Atmospheric Environment Vol. 30, No. 14, p. 2651, 1996 Elsevier Science Ltd Printed in Great Britain

1352-2310(95) 00480-7

BOOK REVIEW Environmental Law, by Richard Burnett-Hall et al. Sweet and Maxwell, 1995. 1124 pp., plus glossary, appendices and index. ISBN 0-421 47090-9. This is as up-to-date a compendium on environmental law as one can find. It is written by a leading barrister with colleagues in the U.K. Environmental Law Association, and covers all aspects of pollution, environmental protection and environmental administrative law in England and Wales, together with a substantial comparative chapter on Scotland. Planning is given less attention, because it is a topic covered elsewhere in equal detail by Malcolm Grant (1994). There is a chapter, written by Ian Gatenby, on the basic principles of the planning system, including the all important cluster of planning guidance notes. The latter are also scattered in the text, for example in the section on nature conservation, written by George Black. Each major paragraph is labelled with a chapter number and sequential paragraph number, so it is easy to locate any detail with reference to the very comprehensive index. This is designed to be a lawyer's compendium, the kind of document found in any planning and environmental law chambers. The text is illuminative, easy to read, well laid out and fully cited. There is a serious effort to bring in European environmental law, the law of risk, environmental assessment and eco-labelling, as well as the more conventional

treatment on air, water, land drainage, waste, integrated pollution control, chemicals, pesticides, genetically modified organisms, radioactive substances, hazardous operations, noise, and litter. In addition to all this, there are excellent chapters on the evolution of environmental law, with its roots in nuisance and public interest property rights. There are also up-to-date reviews on criminal and civil liability, access to information, statutory nuisance, land transactions, insurance and coo-labelling.
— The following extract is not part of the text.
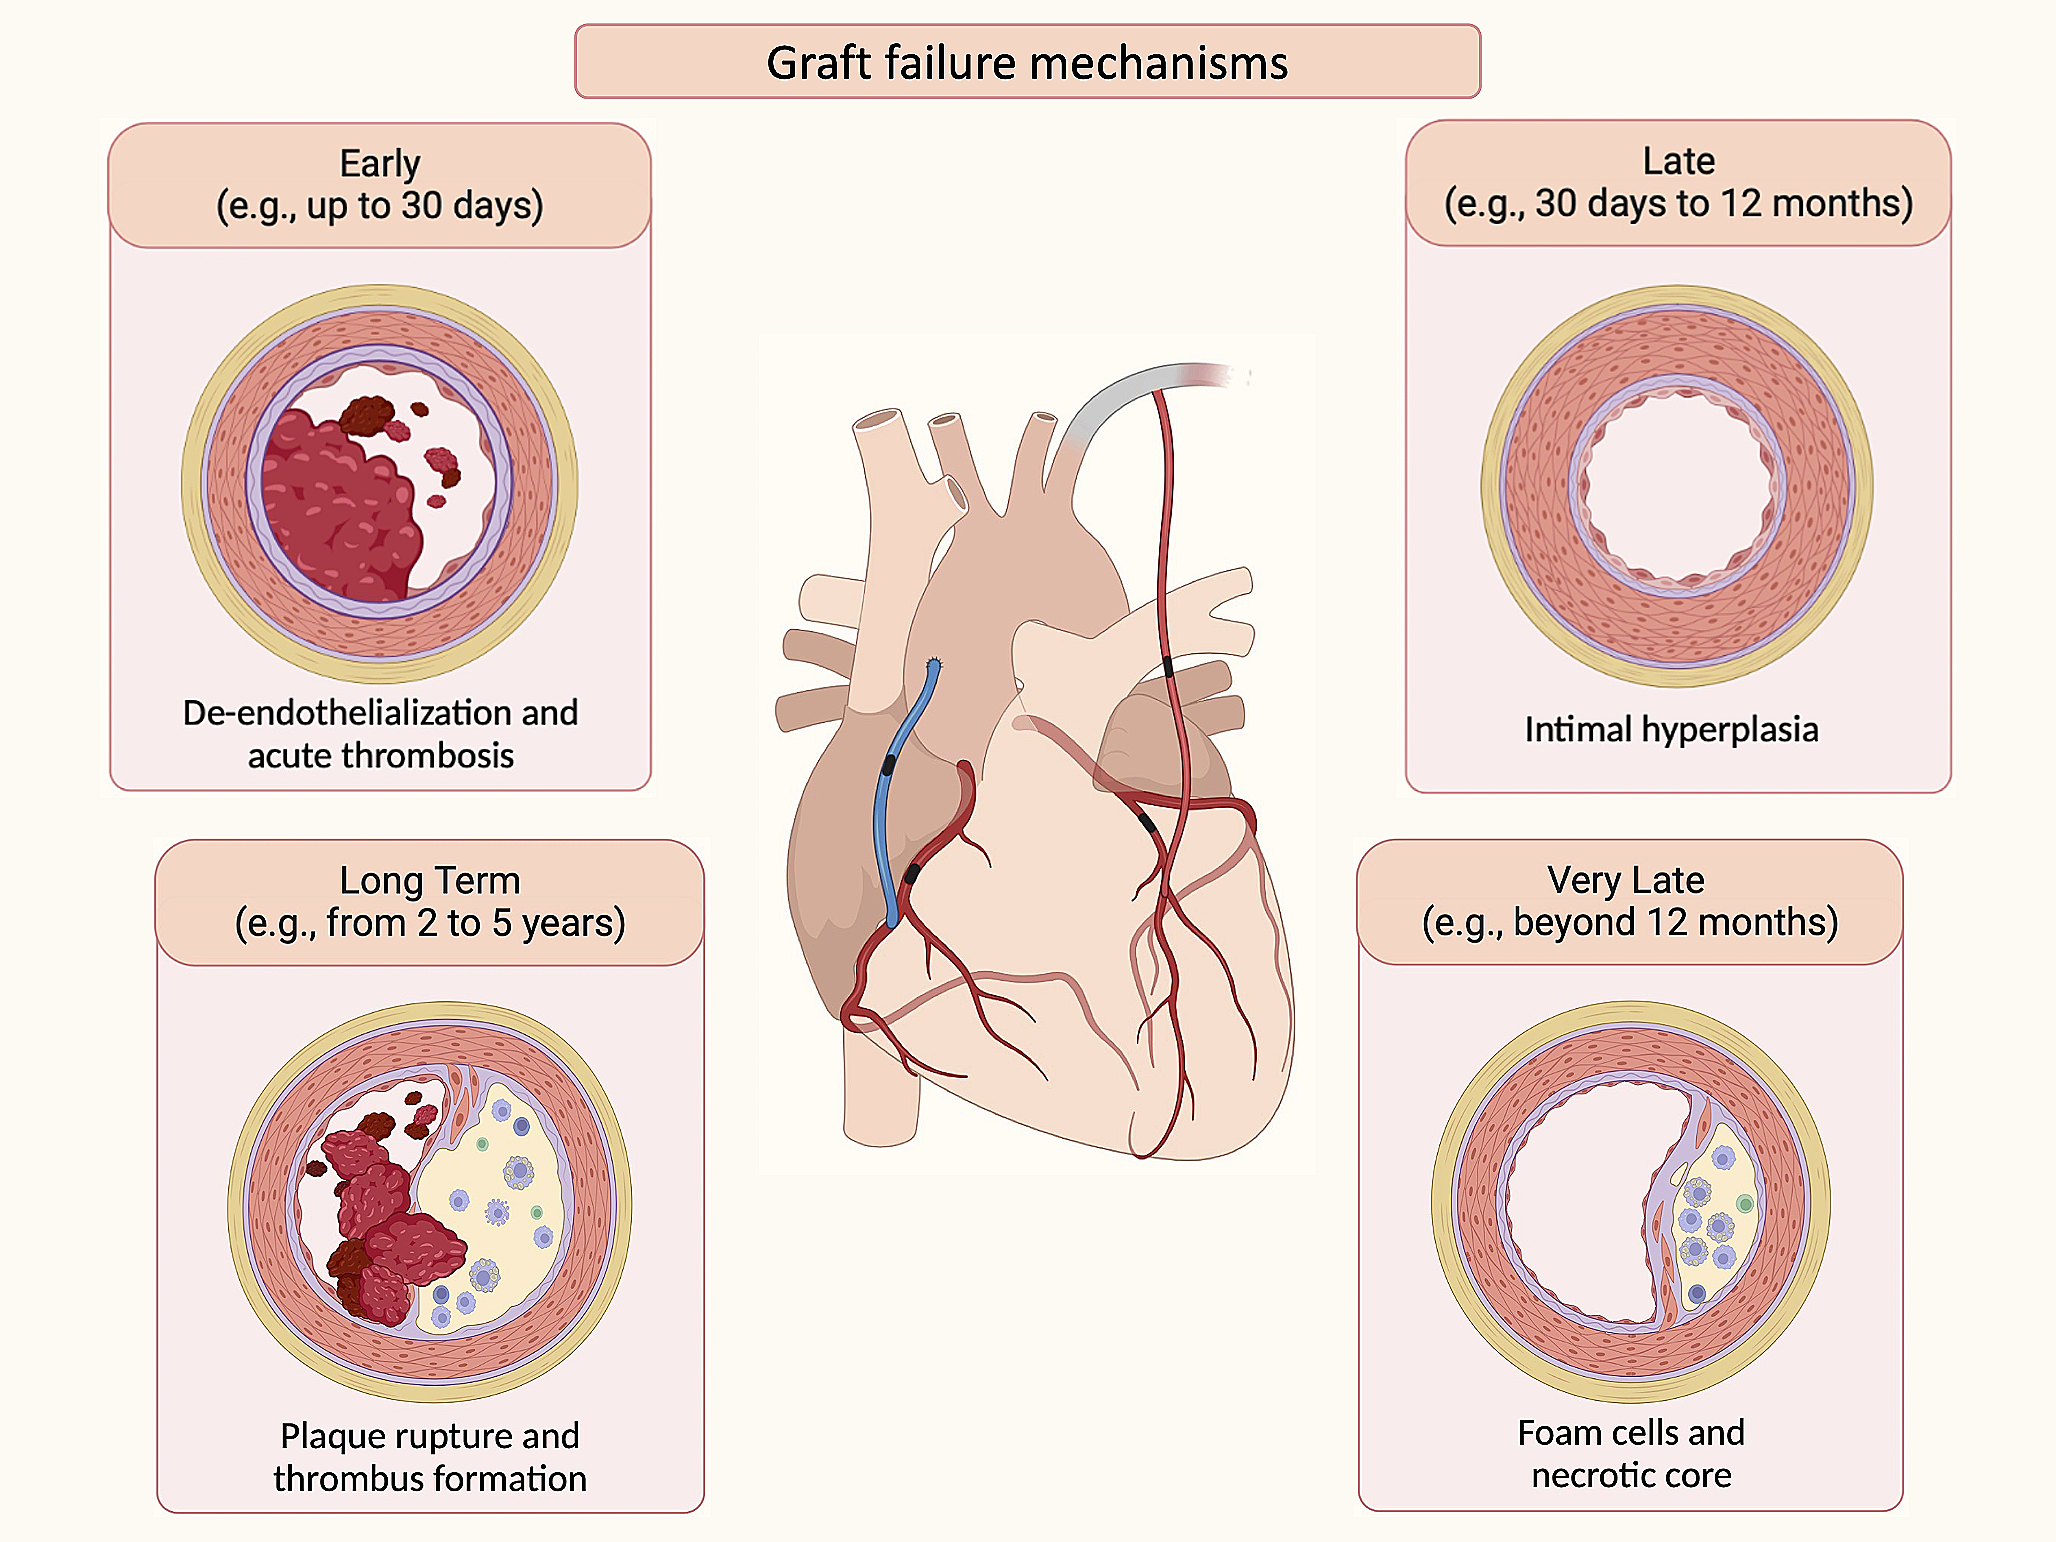 Antithrombotic strategies for preventing graft failure in coronary artery bypass graft

This is a very valuable and readable compendium. It is written with a reasonable mixture of commentary and technical detail. It is by no means a dry legal reader. The only obvious item missing is any reference to the application of the precautionary principle. Yet that principle is enshrined in European law and the Maastricht Treaty. The author admits that sustainability themes will probably begin to dominate the law from now on. A ,future text will doubtless be even more European and less U.K. orientated, and laced with the ambiguous jargon of sustainable development. TIMOTHY O'RIORDAN School of Environmental Sciences Norwich NR4 7TJ U.K. Grant, M. (1994) Planning Law. Butterworths, London.